▶ [Data for processing]:
= Beginning of Section =
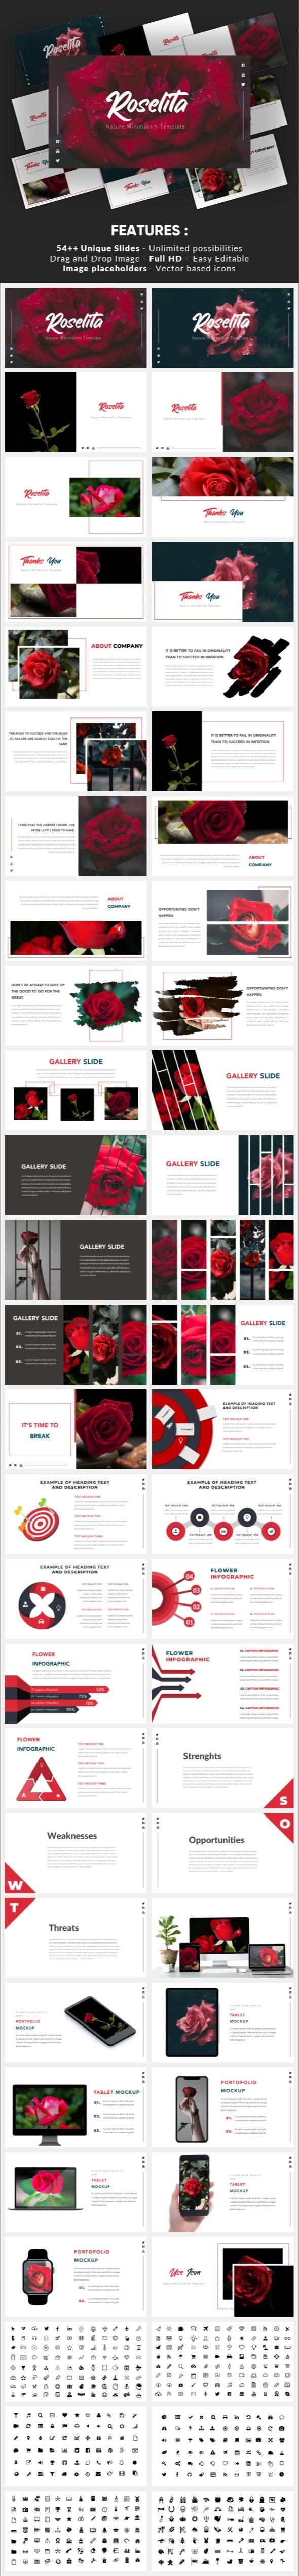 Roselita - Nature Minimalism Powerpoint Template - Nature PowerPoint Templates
= End of Section =
= Beginning of Section =
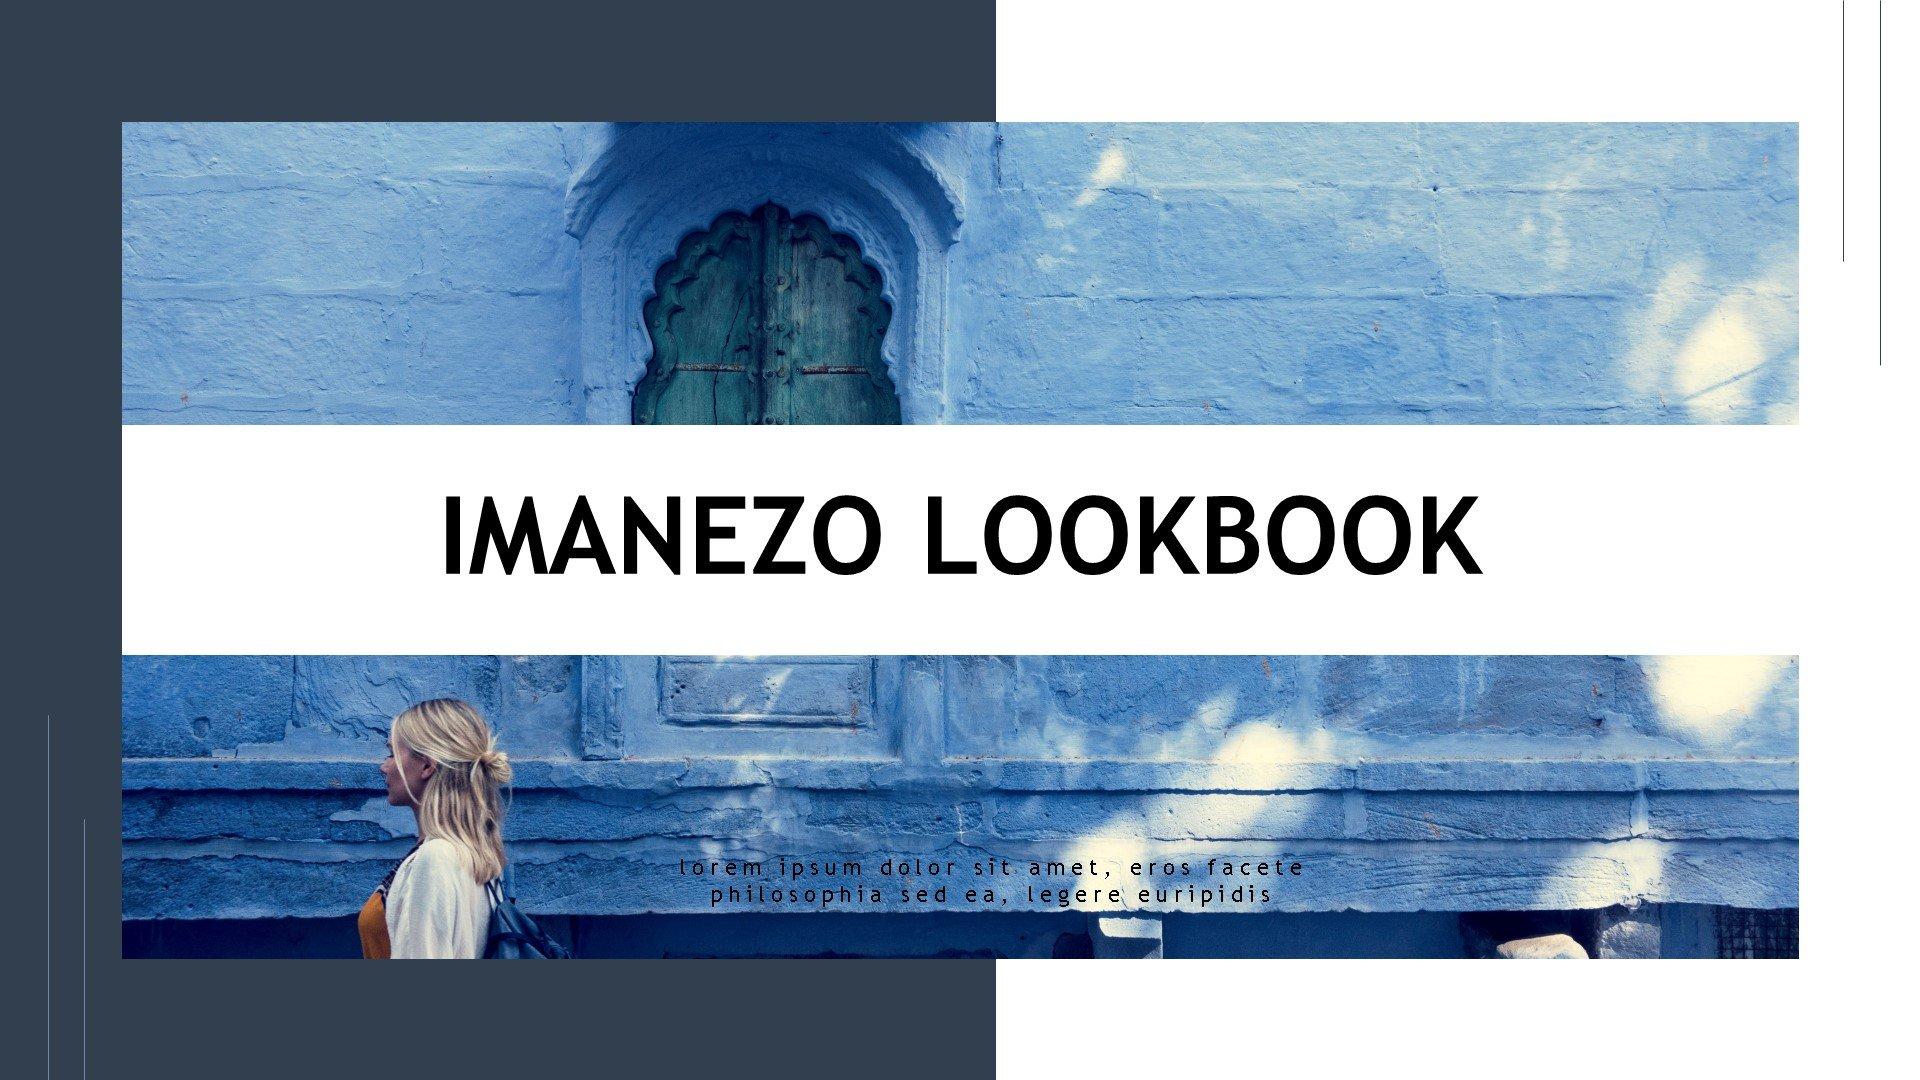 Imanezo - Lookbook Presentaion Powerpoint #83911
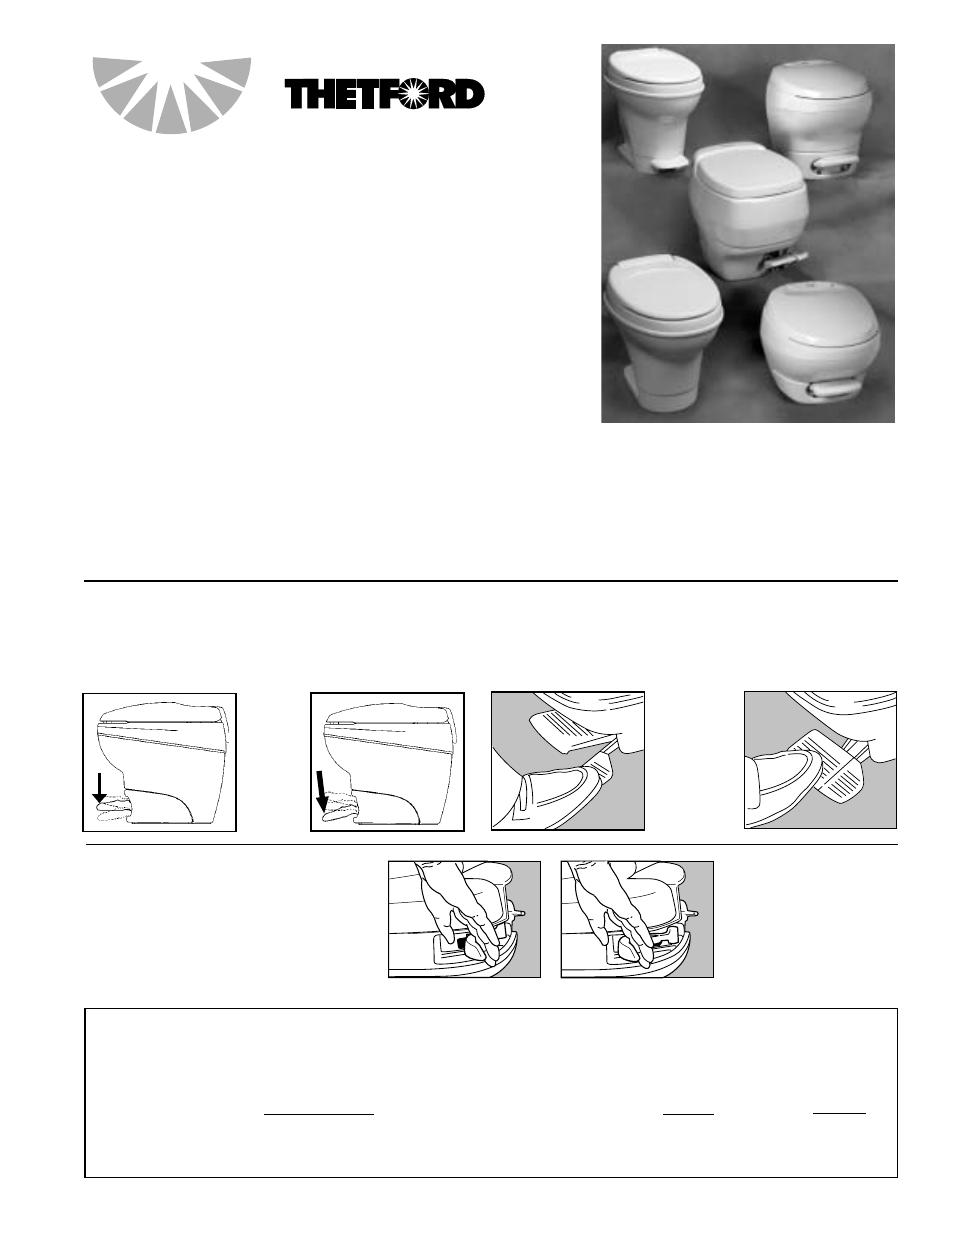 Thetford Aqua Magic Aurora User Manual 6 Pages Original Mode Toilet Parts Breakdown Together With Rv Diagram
= End of Section =
= Beginning of Section =
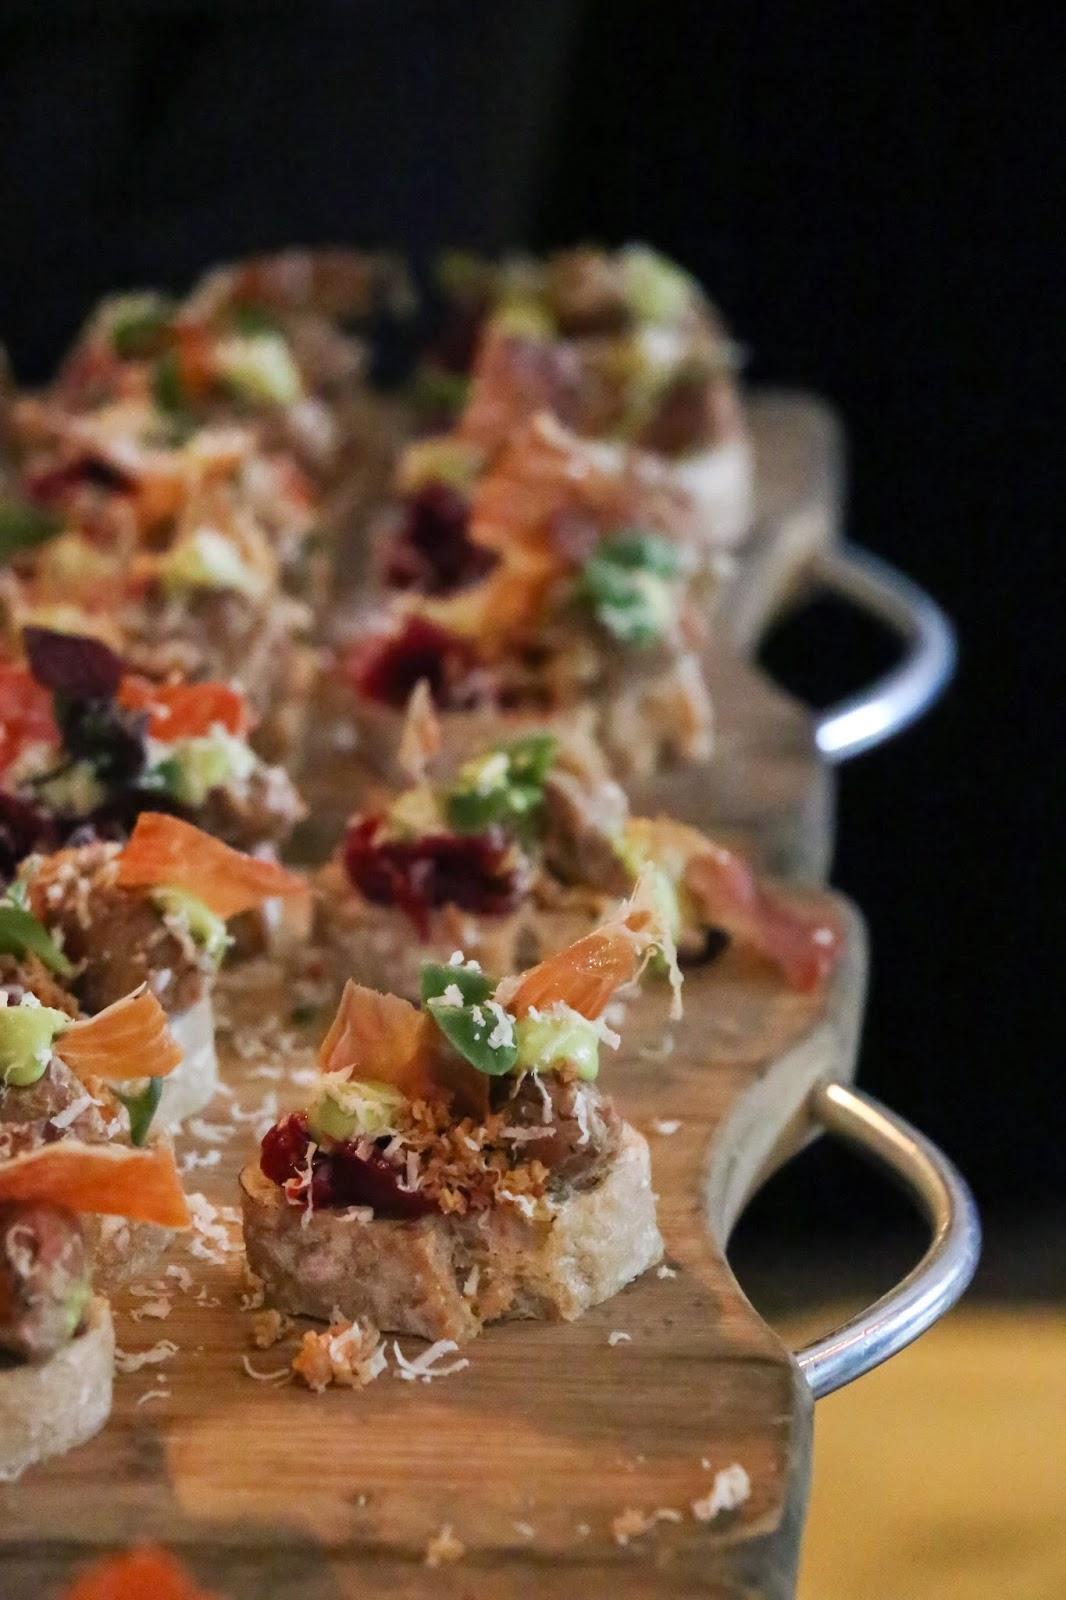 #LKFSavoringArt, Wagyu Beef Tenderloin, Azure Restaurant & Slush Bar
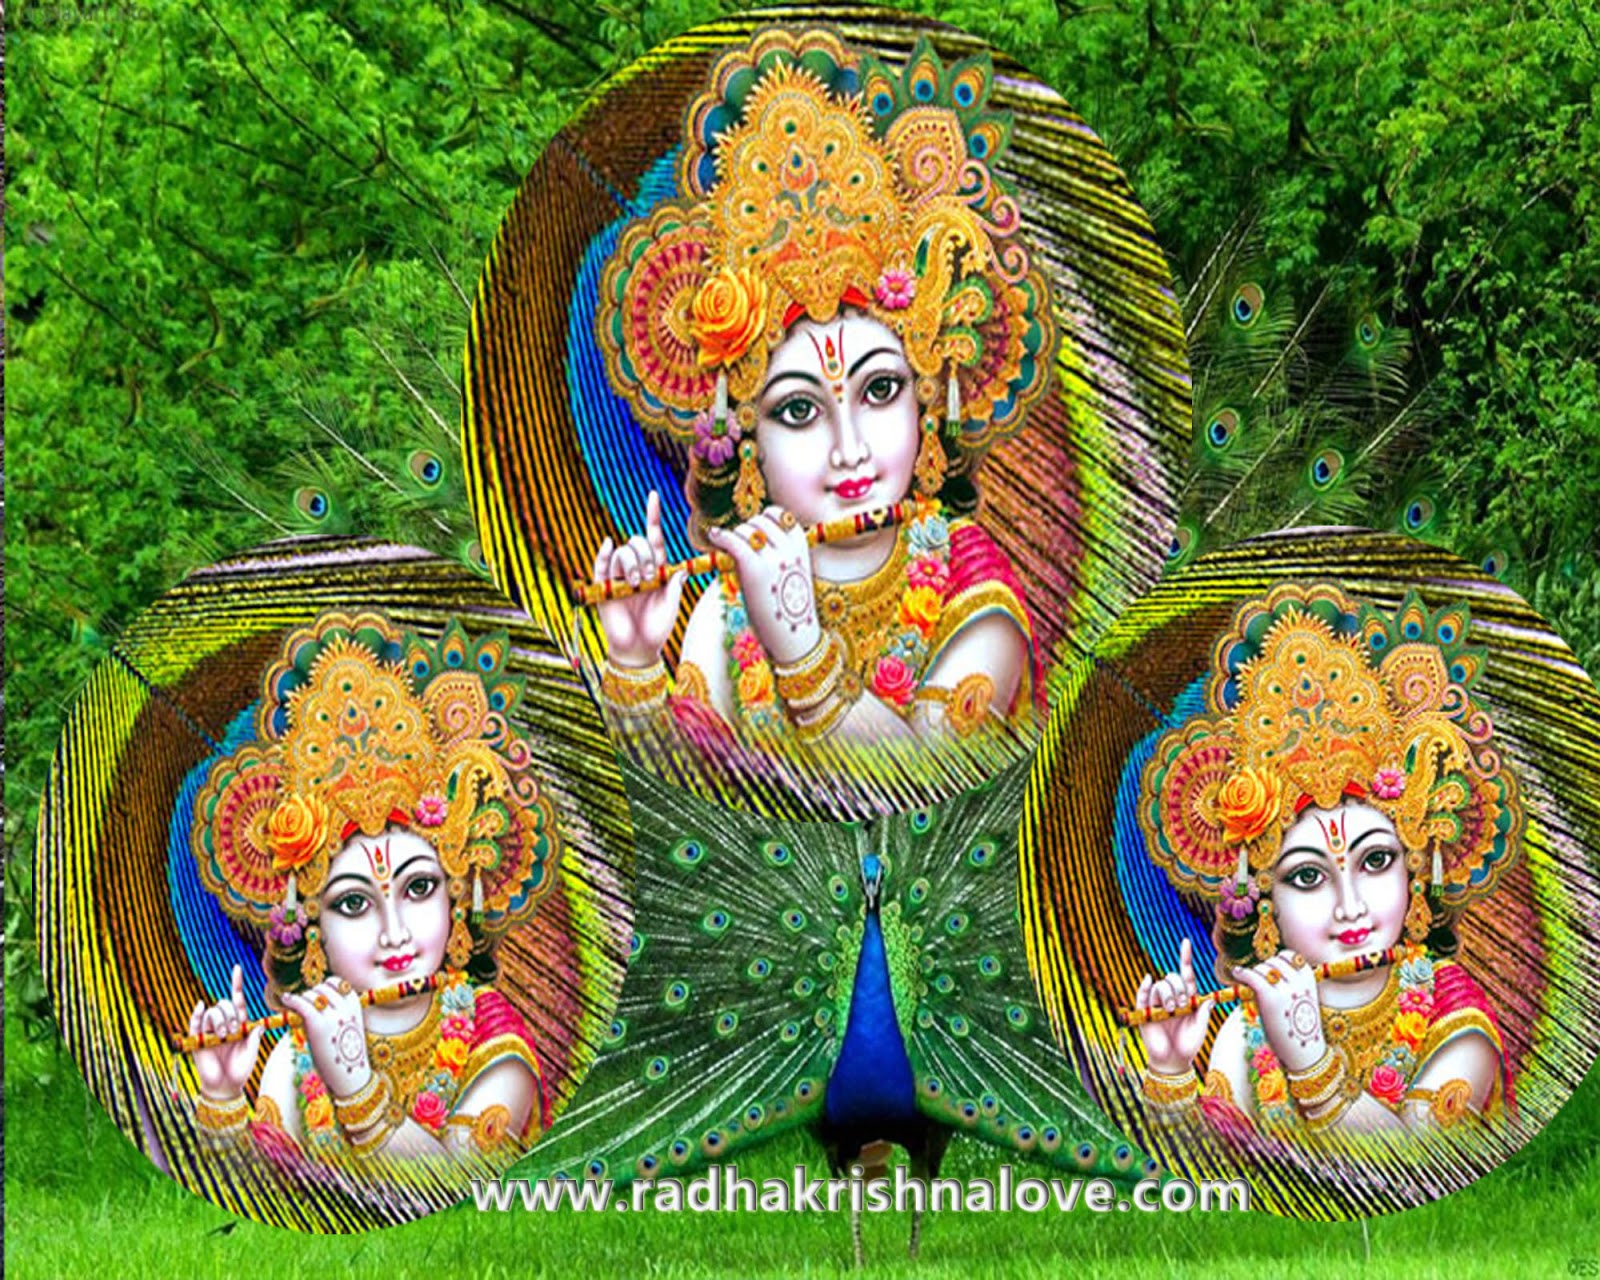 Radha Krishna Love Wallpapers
= End of Section =
▶ [About this task]: Restate word for word every line from the one with "#LKFSavoringArt, Wagyu Beef" up to and including the one with "Radha Krishna Love Wallpapers" in the records above, minus the pictures.

▶ [Solved exercise]:
 #LKFSavoringArt, Wagyu Beef Tenderloin, Azure Restaurant & Slush Bar
 Radha Krishna Love Wallpapers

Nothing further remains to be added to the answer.